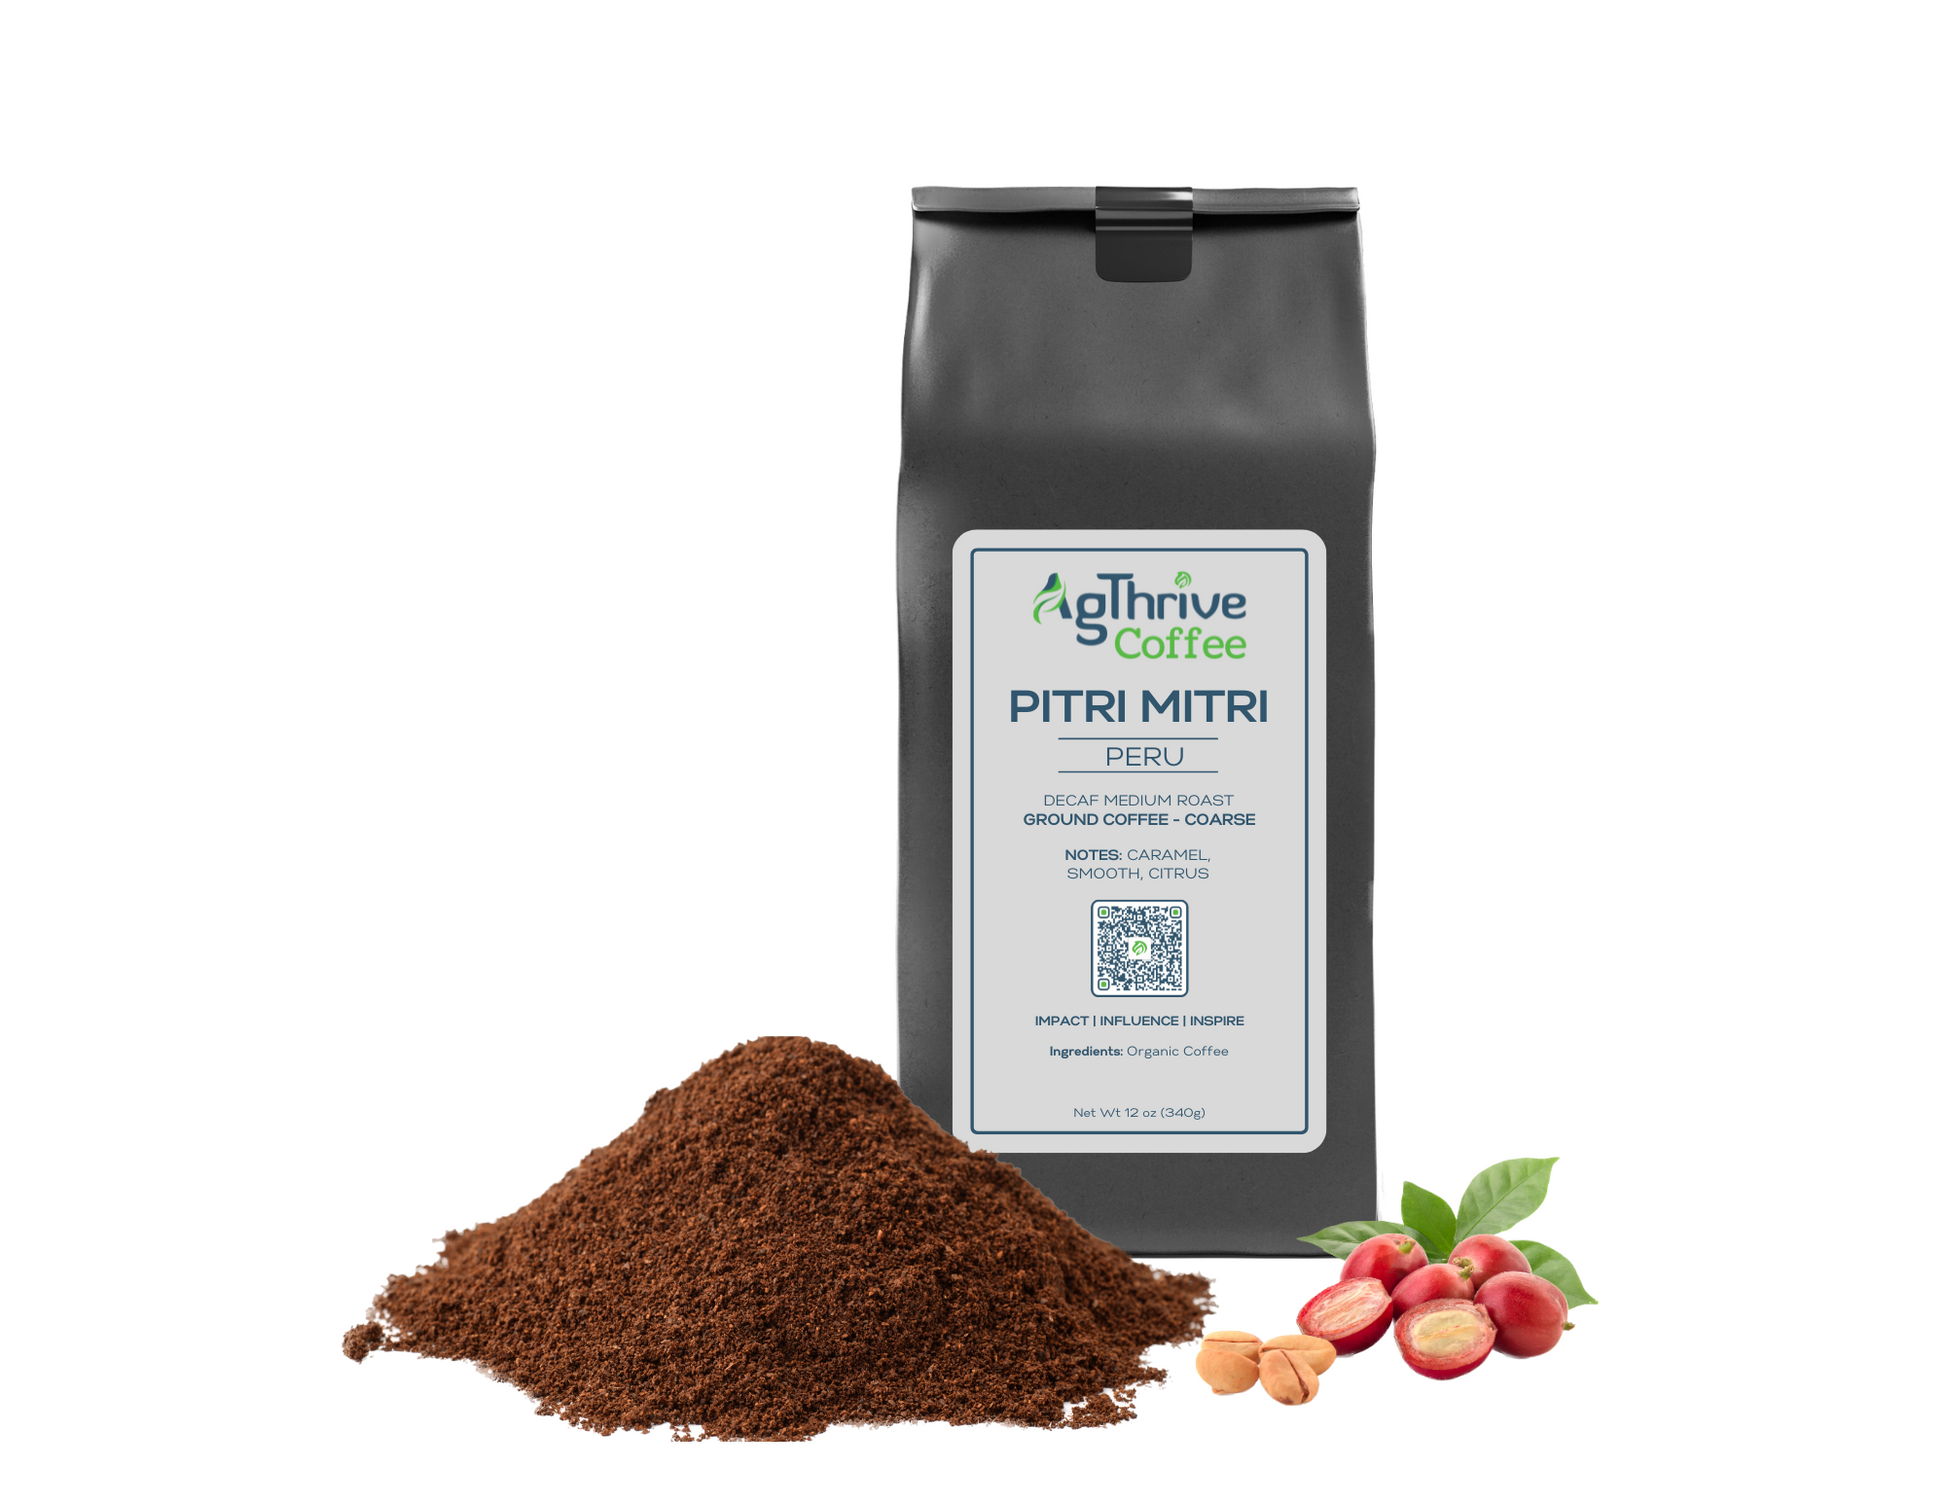 PITRI MITI (DECAF) - Premium Peruvian Decaffeinated Single Origin Coffee Coarse
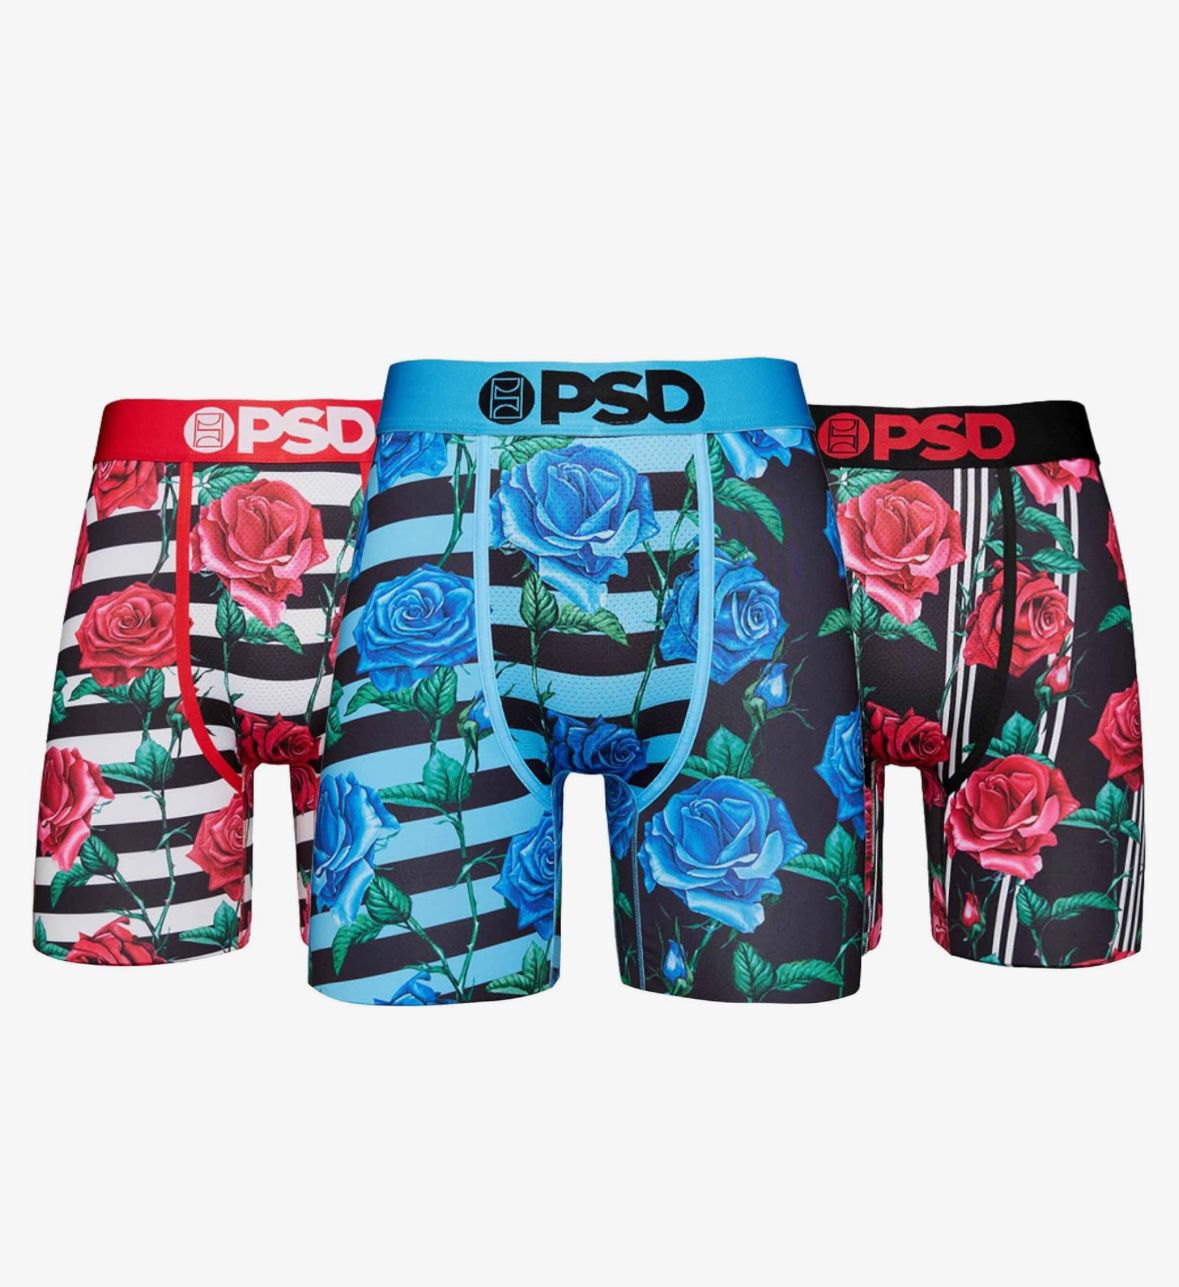 PSD Underwear Striped Rose 3 Pack Men’s Core Standard Briefs Size M
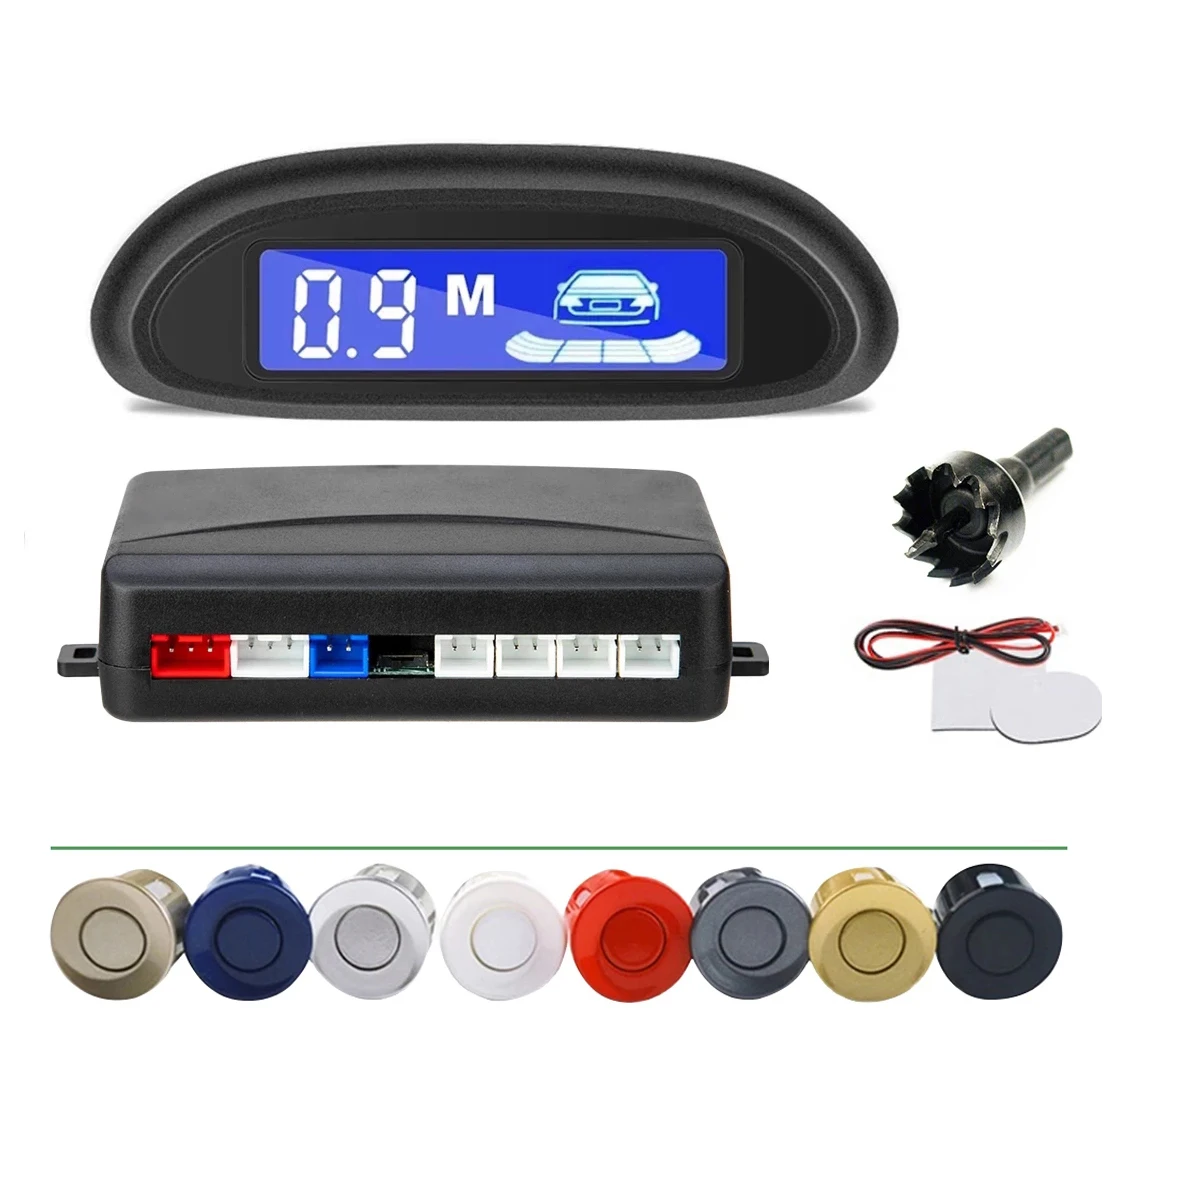 

Car LED Parking Radar Monitor With 4 Sensors Backup Auto Parktronic Reverse Detector System Backlight Display Universal

•••••

#### [Exercise directions]
Transcribe the listing in full. Omit the pictures and keep every line exact.

#### [Exercise answer]
 PITRI MITI (DECAF) - Premium Peruvian Decaffeinated Single Origin Coffee Coarse
 PSD Underwear Striped Rose 3 Pack Men’s Core Standard Briefs Size M

Car LED Parking Radar Monitor With 4 Sensors Backup Auto Parktronic Reverse Detector System Backlight Display Universal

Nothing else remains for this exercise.